Deep Learning and photo-realistic Simulation for real-world Machine Intelligence in Autonomous Driving, Adrien Gaidon (TRI)

Adrien Gaidon


Photo-realistic simulation is rapidly gaining momentum for visual training and test data generation in autonomous driving and general robotic contexts. This is particularly the case for video analysis, where manual labeling of data is extremely difficult or even impossible. This scarcity of adequate labeled training data is widely accepted as a major bottleneck of deep learning algorithms for important video understanding tasks like segmentation, tracking, and action recognition. In this talk, I will describe our use of modern game engines to generate large scale, densely labeled, high-quality synthetic video data with little to no manual intervention. In contrast to approaches using existing video games to record limited data from human game sessions, we build upon the more powerful approach of “virtual world generation”. Pioneering this approach, the recent Virtual KITTI [1] and SYNTHIA [2] datasets are among the largest fully-labelled datasets designed to boost perceptual tasks in the context of autonomous driving and video understanding (including semantic and instance segmentation, 2D and 3D object detection and tracking, optical flow estimation, depth estimation, and structure from motion).
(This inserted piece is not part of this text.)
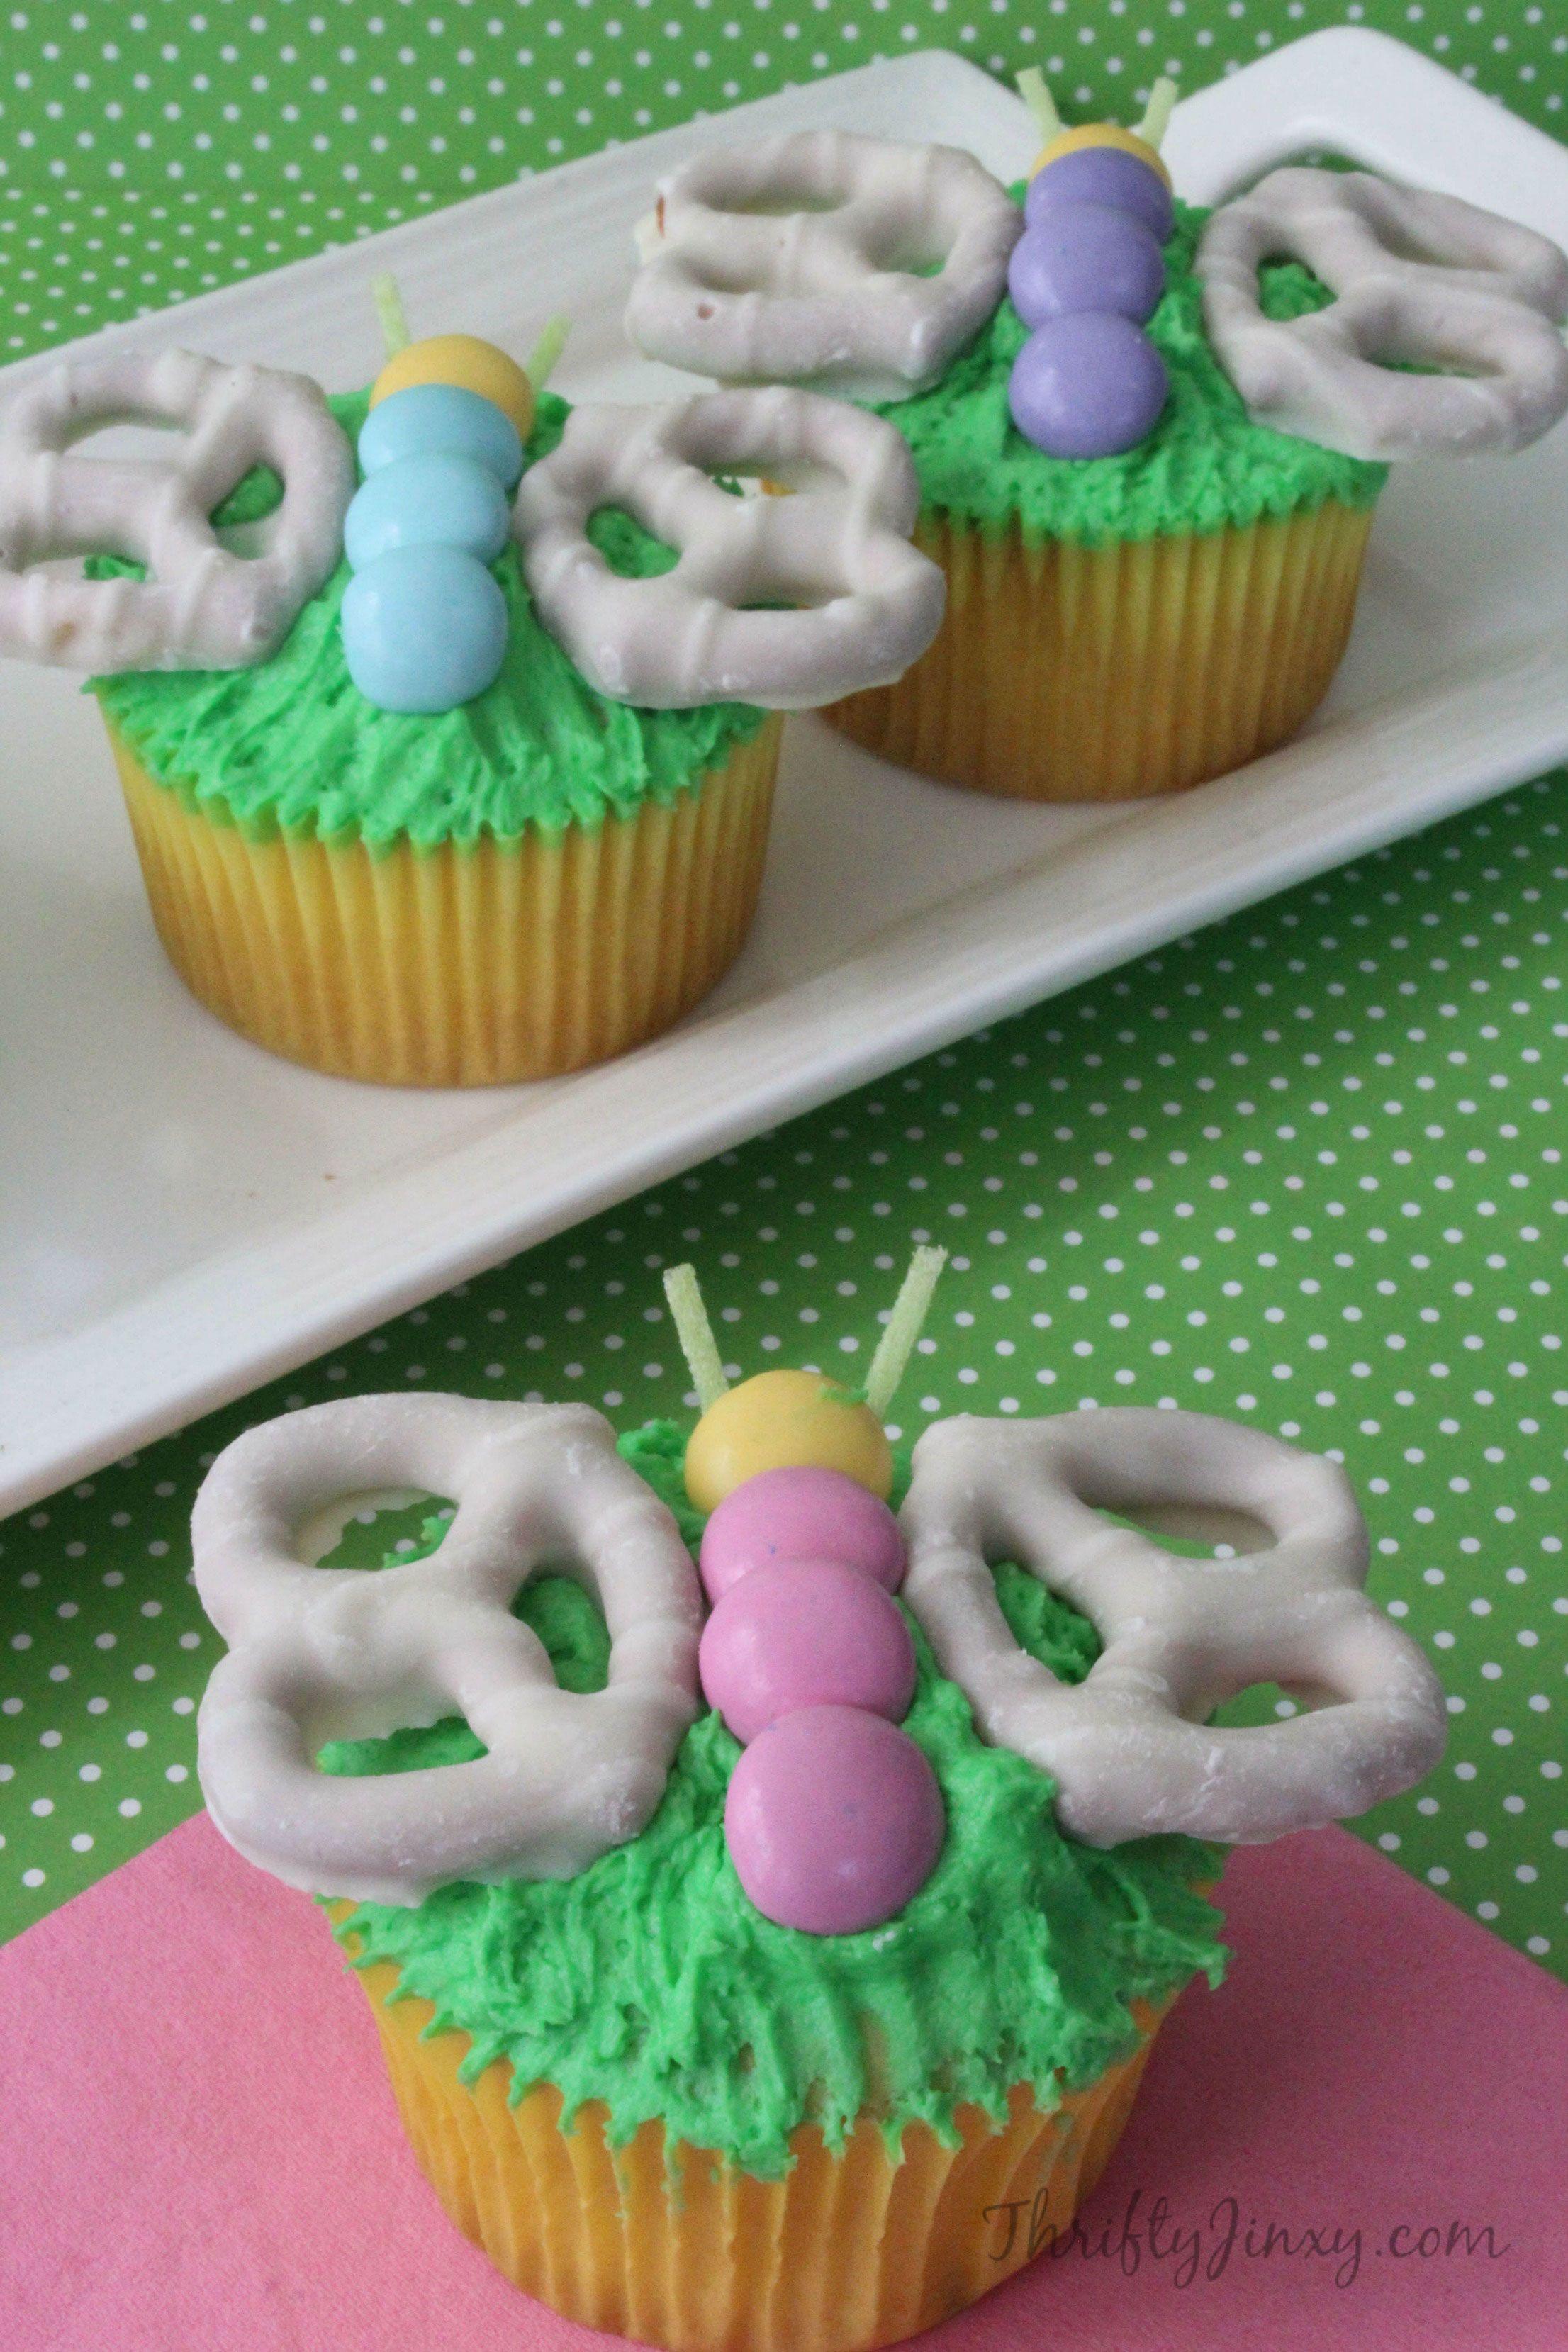 20+ Easy Spring Cupcake Ideas - Decorating Cute Spring Cupcakes u0026 Recipes & 20+ Easy Spring Cupcake Ideas - Decorating Cute Spring Cupcakes ...

With our recent PHAV dataset [3], we push the limits of this approach further by providing stochastic simulations of human actions, camera paths, and environmental conditions. I will describe our work on these synthetic 4D environments to automatically generate potentially infinite amounts of varied and realistic data. I will also describe how to measure and mitigate the domain gap when learning deep neural networks for different perceptual tasks needed for self-driving. I will finally show some recent results on more interactive simulation for autonomous driving and adversarial learning to automatically improve the output of simulators.